Kevon Williams

Personal information
- Born: June 7, 1991 (age 35)
- Home town: Houston, Texas, U.S.
- Height: 5 ft 10 in (1.78 m)
- Weight: 185 lb (84 kg)
- Rugby player

Rugby union career
- Position(s): Half-back (7s) Wing (15s)

National sevens team
- Years: Team / Comps
- 2016–present: USA 7s

= Kevon Williams =

American rugby player (born 1991)

Kevon Williams (born June 7, 1991) is an American rugby player who plays for the United States national rugby sevens team on the World Rugby Sevens Series.

== Early life and career ==
Williams is originally from Houston, Texas. He attended Westbury High School and college at the New Mexico Highlands.

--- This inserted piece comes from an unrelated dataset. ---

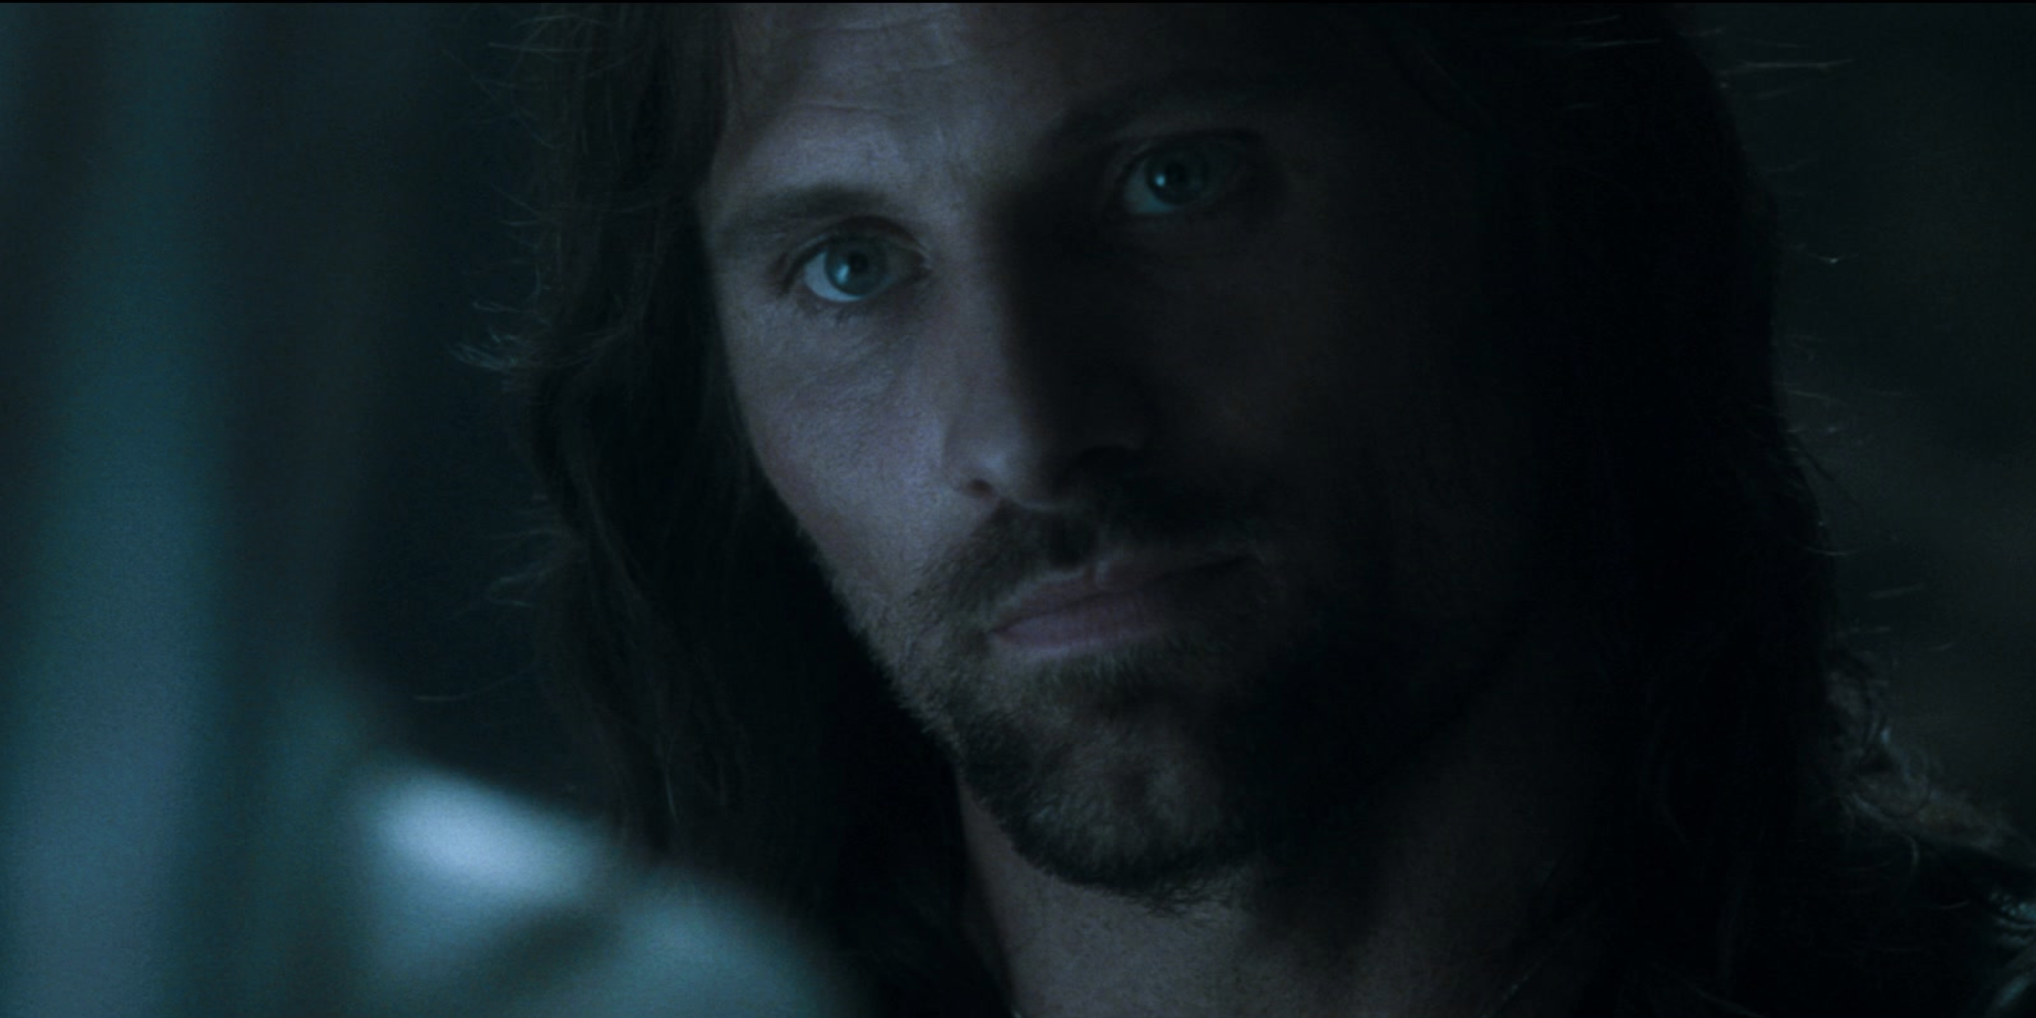 A close-up of Aragorn in dim light

He also played American football as a wide receiver with the New Mexico Highlands Cowboys until 2012. He picked up rugby in 2013. His strong rugby play with New Mexico earned him the 2014 College Sevens Player of the Year award by Rugby Today magazine, in large part due to his play at the 2014 NSCRO national championship. Williams helped New Mexico win two straight NSCRO 7s titles in 2015 and 2016.

== International career ==
Williams was called into the U.S. national team in November 2016 for the 2016 Dubai Sevens and 2016 South Africa Sevens, replacing Carlin Isles who was out with an injury. During the 2017–18 season, with halfback Madison Hughes picking up an injury, Williams saw extensive playing time including several starts, appearing in 47 matches and scoring 14 tries. Williams experienced increased playing contributions in the 2018–19 season, often coming on early in the second-half as a substitute for Folau Niua, with Williams playing in 52 matches and scoring 18 tries. Williams was a consistent starter during the 2021–22 World Series.

He captained the United States sevens team at the 2024 Summer Olympics in Paris.